— Ю-ю… — укоризненно протянул Ди.
— Ничего, — сказал отец. — Пусть, пусть. Что за филолог пошёл нынче! Абсолютная бесчувственность к оттенкам речи. Бедные твои ученики, братец, особенно твои отличники. Меня приводить в пример некорректно: у меня именно увечье, благоприобретенное, не врождённое. И, разумеется, ты законно испытываешь в этом случае жалость. А то и гордость, если ты считаешь моё увечье заработанным добрыми делами. Может быть, и гордость за всё лучшее человечество в целом, способное жертвовать собой для добрых дел. К которому принадлежит твой брат, и, следовательно, причастен ты сам. Но мы сейчас говорили совсем о другом, о ничем не заработанном, ни добрыми делами, ни злыми, ни даже за чужие грехи ниспосланном, а о врождённом, о природном даре. Даре, ниспосланном, так сказать, даром… Но я тебя понял, несмотря на то, что ты преднамеренно смешал эти две разные вещи. То есть, именно потому я тебя снова поймал: ты попался во второй раз, хотя уже и не осмелился назвать по имени этого Сандрелли. Ну, и запомни этот раз тоже.

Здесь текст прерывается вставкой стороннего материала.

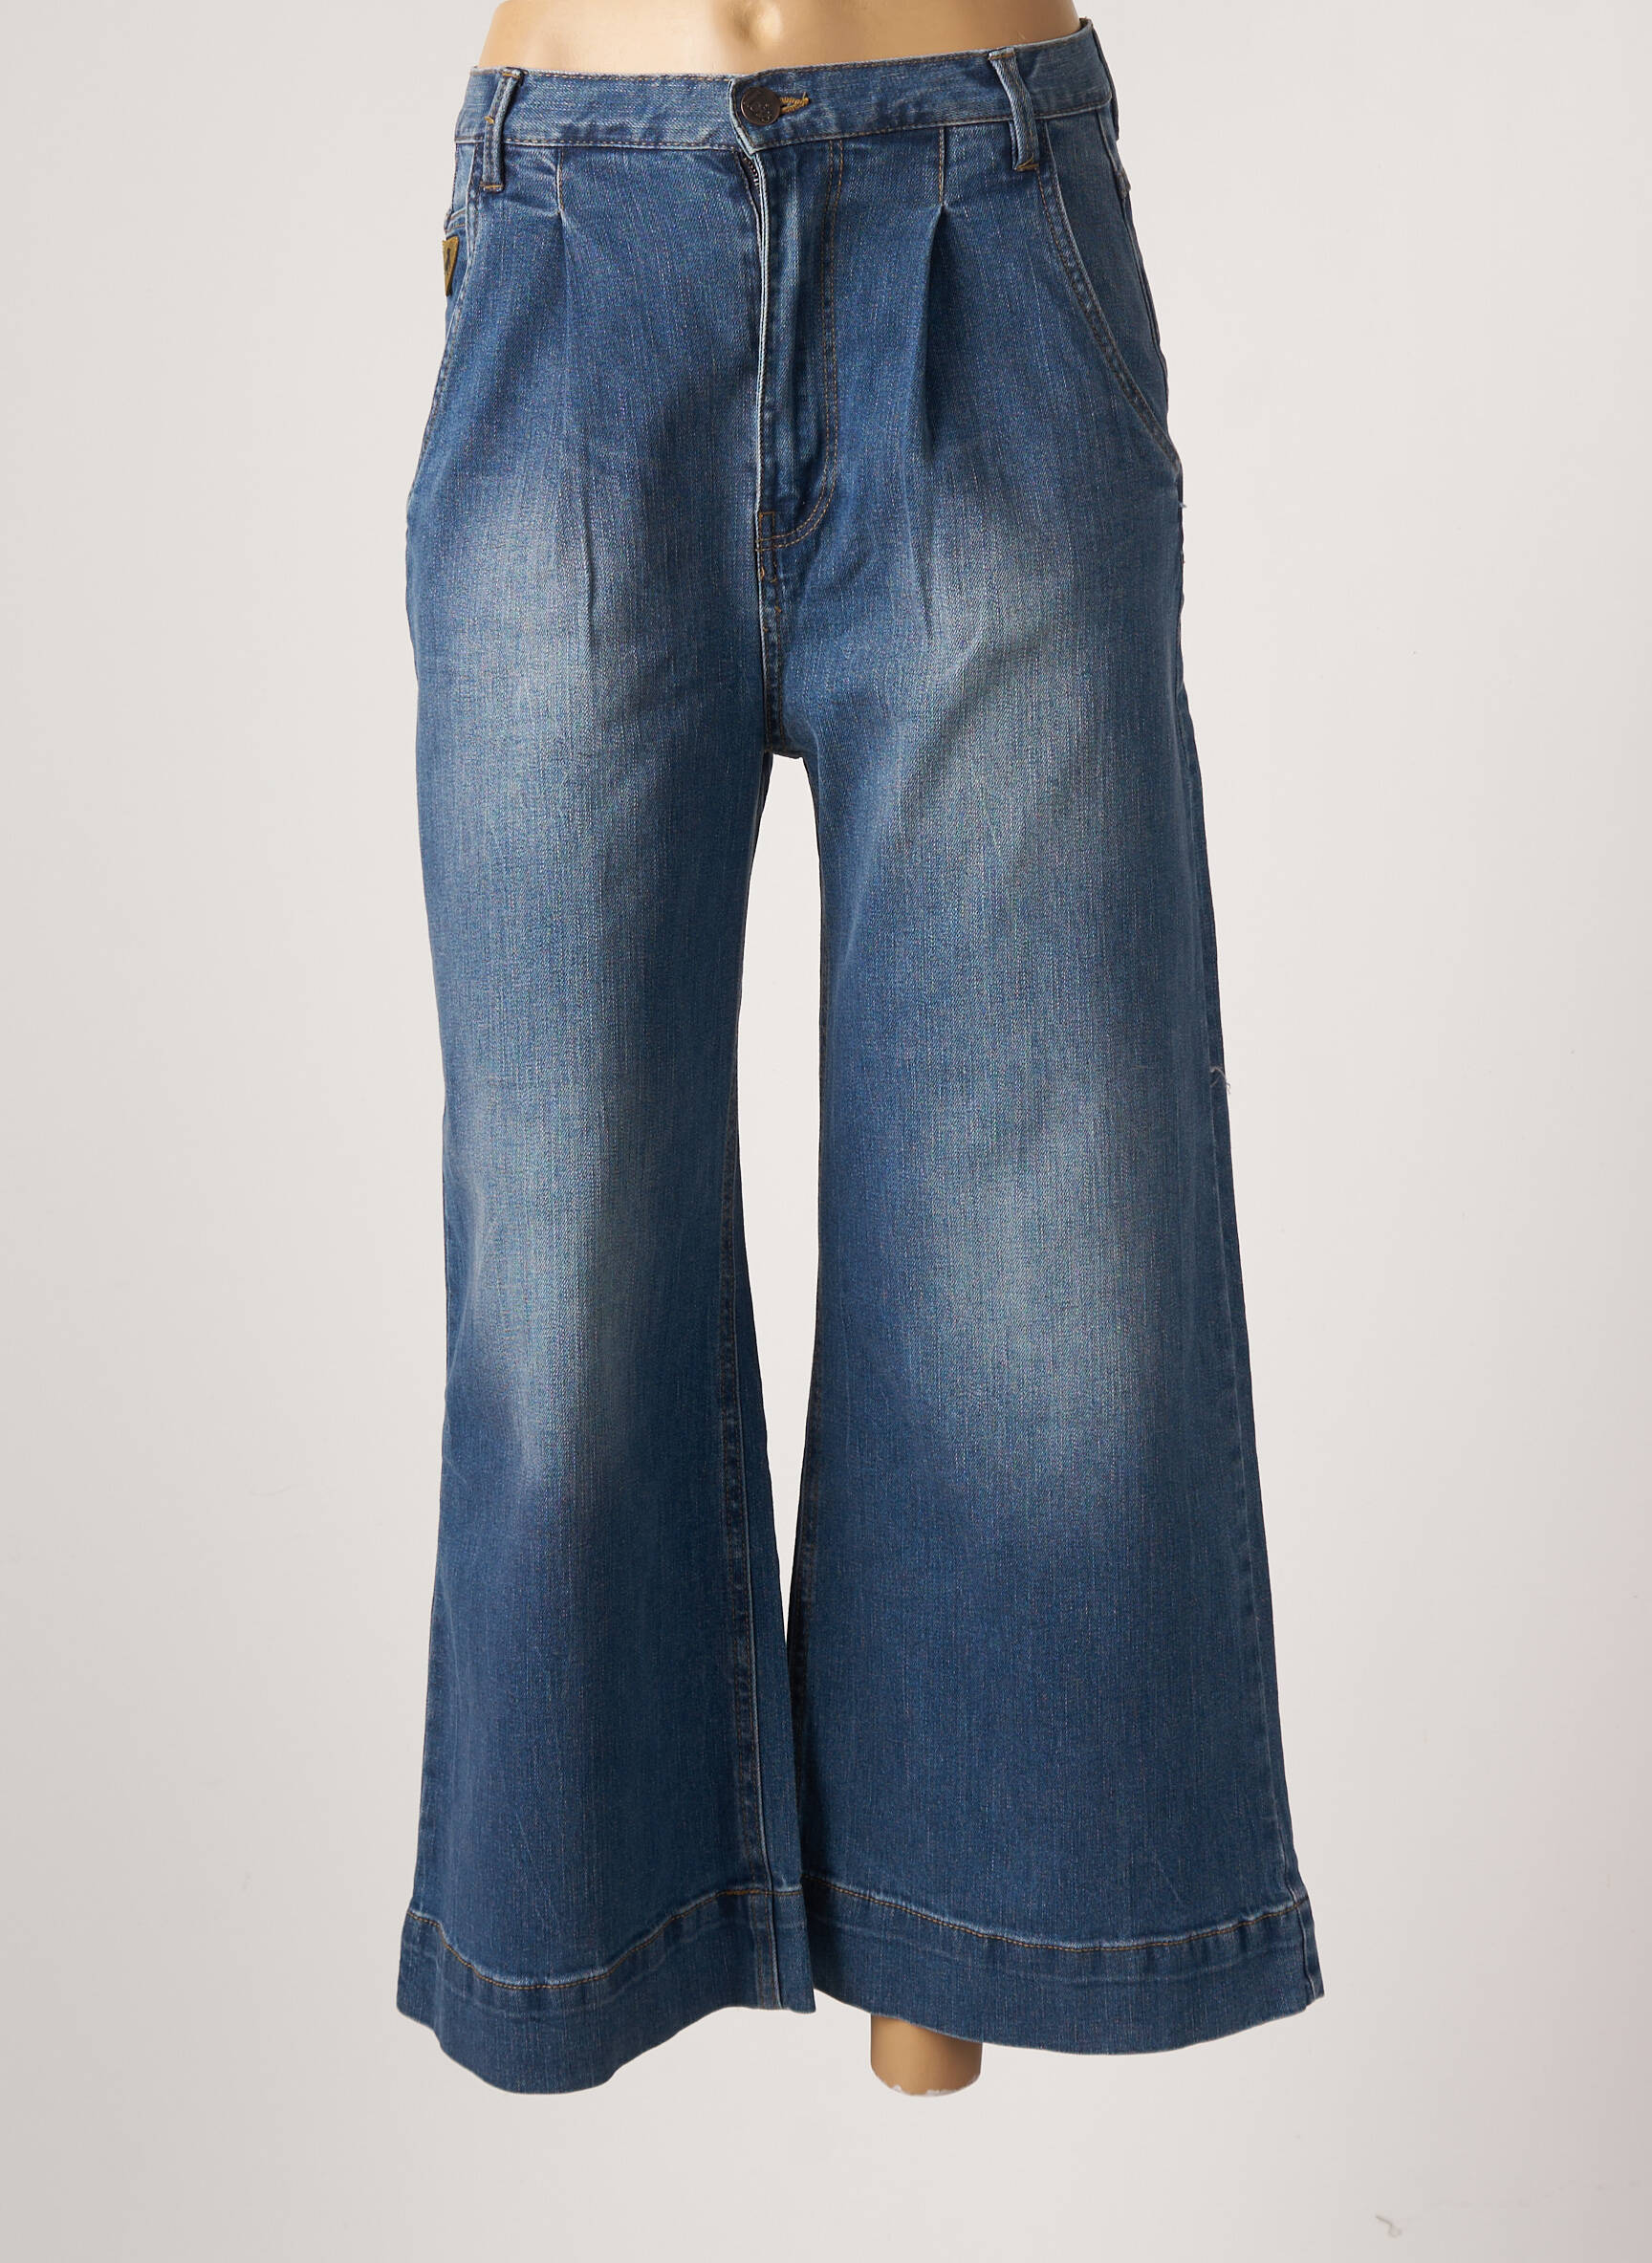 Combinaison pantalon Louisa en jeans bleu délavé

— Нет, — упрямо возразил Ю. — Я ничего не смешивал, тем более преднамеренно. Зачем? Кроме тебя, я знаю других, я неоднократно встречался с другими… Я видел близко, почти контактировал… И ничего дурного, как ты сказал — отвращения, не испытывал. А если вернуться к Шуберту, или там Пушкину, это мне ближе, или Шульженко, в последнем случае это можно легко проверить, или, ещё поближе, к тому, кого я совсем недавно и близко видел…
— Ну, к кому тебе вернуться легче, кого ты недавно близко видел, договаривай, смелей!
— Да того же Сандро Сандрелли, то…
— Вот, — отец удовлетворённо откинулся на спинку стула. — Ты попался и в третий раз.
— Но на чём же! — воскликнул Ю. — Где ты тут нашёл ловушку? А я думаю попался ты. И как любой оратор-демагог пытаешься перевалить свою неудачу на меня.
— Он не любой, — хмыкнула Изабелла. — Он наш собственный, наш домашний оракул.
— Да, — махнула рукой мать, — это его дела.
— Мои, мои, доморощенный, оракул, — согласился отец. — Это моя профессия, делать верные выводы из мелочей, ничего не говорящих всем прочим. Итак, по собственному признанию, ты не испытывал при контакте с Сандрелли ни отвращения, ни тошноты. Занесём в протокол. Теперь спросим: а почему?
— Потому что мне такие чувства несвойственны, — сказал Ю.
— Да? А я думаю — потому, что ошибочно считаешь его увечным. Если, конечно, не врёшь, — равнодушно добавил отец. — А на самом деле он вовсе не увечный, а урод. Его этот… изъян, на котором он так ловко зарабатывает, от рождения. Вот так.
— Неправда, все зн-н-нают, где он потерял руки! — заволновался Ю, обнаружив свой давний, почти уже забытый изъян: заикание. — И ты это знаешь.
— Ты прав, я знаю эту ложь, — отрезал отец, хищно улыбаясь. — Между тем он не мог потерять то, чего никогда не имел. Он лжёт, и все другие лгут ради него, чтобы он мог работать, не вызывая у зрителей тошноты и принося барыши. Лгут потому, что сами прекрасно знают, что такое урод. Не зря его администратор ставит своих лилипутов фоном для Сандрелли, не урода, как они, а героя, изувеченного, но выстоявшего в борьбе с судьбой, увечье которого якобы следствие его исключительного героизма.
— Я понял, понял! — замахал руками Ю. — Все твои рассуждения сводятся к одному: к режущей тебе глаза исключительности некоторых людей, которой ты… ты завидуешь, потому что в этом случае исключительность приносит успех. Я понял твои слова о барышах. Ты просто всех, кто отличается, но не считает это помехой успеху, не делает из этого трагедии, всех, кто может делать что-то такое, чего другие не могут делать… Всех, кто добился в своём деле совершенства. Но в этом смысле каждого можно объявить уродом, любого из нас. И тебя самого тоже. Разве ты не достиг в своей профессии определённых успехов?
— Определённых? Подотри сопли, — хрипло сказал отец. — Я потерял ногу, с которой родился, добровольно на фронте под Москвой, таща на себе убитого товарища. Это факт моей подлинной биографии, и другой у меня нет. А твой герой ничего не терял, потому что без рук и родился, а только приобрёл. И новую биографию, в которой ему и оторвало руки миной в Вене, не в каком-нибудь Торжке, и новое имя, Господи, какой же это всё пошлый китч! Да никогда он не бывал в той Вене! Как его, кстати, зовут по-настоящему, а? Небось, не Сандро, а просто Федя.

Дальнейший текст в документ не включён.